The change in the
lexical complexity of Van Halen songs
by Csikós Mátyás
by Csikós Mátyás
Van Halen is an American hard rock
band that was formed in Pasadena, California, in 1972. The band had two distinctive eras that were
defined by their lead singers, David Lee Roth and Sammy Hagar. The former was
switched to Hagar because Edward Van Halen, the leader of the band, wanted more
lyrical depth in the band's songs. This essay will use corpus linguistic tools
to see if this change in the band lived up to Edward's expectations by
analysing how the complexity of lyrics changed by getting a new singer for the
band and exploring if there is a significant contrast between the two eras'
lyrics. The essay will attempt to find this out by performing lexical
complexity and readability analyses on corpora built from sixteen songs that were
chosen from each album of Van Halen to provide a wide enough array of lyrics. The
lexical complexity and readability indices of the two eras will then be
compared to draw the conclusion. The research paper expects that the Hagar era
should have more complex lyrics and an increased vocabulary along with a more
increased verb variation and lexical sophistication because he was invited to
the band to compose more complex and deeper lyrics. The basis of the research
was Tim Murphey's similar study on pop songs concluded in the early nineties.

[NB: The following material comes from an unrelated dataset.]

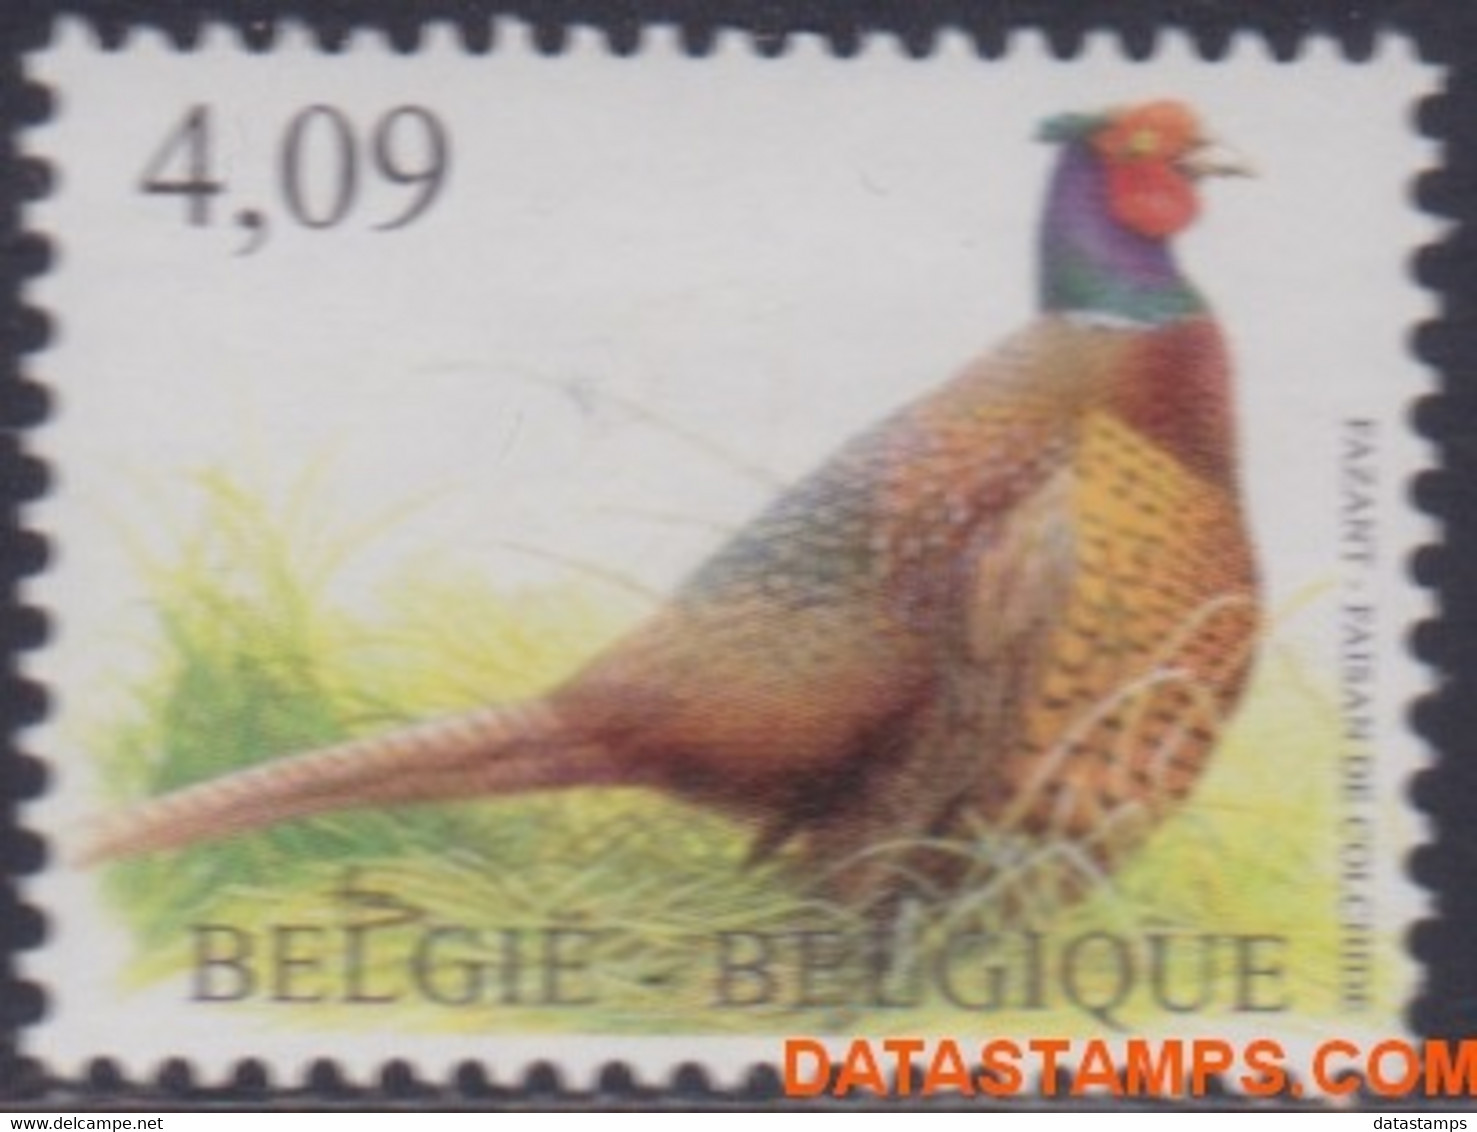 België 2010 - Mi:4089, Yv:4027, OBP:4046, Stamp - XX - Birds Pheasant - 1985-.. Vögel (Buzin)

This research used online lexical
complexity analysis tools made by Lu Xiaofei (2012) available at
aihaiyang.com/synlex/lexical (currently being migrated to another server), as
well as a number of readability formulas. The first lexical complexity formula
used was lexical density, which measures the ratio of lexical (as opposed to
grammatical) words to the total number of words in a text, so a high lexical
density value means that the text is more complex (p. 190). The next formula
used in the analysis was lexical sophistication (also known as lexical rareness),
which is "the proportion of relatively unusual or advanced words in the
learner's text" (as cited in Xiaofei, 2012, p. 194). Sophisticated words
are defined as English words that are introduced at Grade 9 or later in the Swedish
educational system (Xiaofei, p. 191).
The number of different words (NDW),
number of different words based on the first fifty words (NDW-50) and from a
randomly chosen fifty words (NDWR-50) were also calculated. These are standard
analyses to determine lexical complexity as a higher number of different words
means more word variation, therefore the text is more dense and complex. Type-token
ratio (TTR), the ratio of the number of word types to the number of words in a
text, was also calculated for this research (Xiaofei, p. 193). However, the NDW
and the TTR formulae are heavily dependent on text length, as they will yield
much lower numbers at longer texts since the relative chance of repetition
increases with text length (Xiaofei, p. 197). Although the chosen lyrics were
relatively short (averaging at 200 words) in order to compensate for this
possible redundancy in the NDW and TTR analyses, other lexical variation
formulae were used to get more convincing results.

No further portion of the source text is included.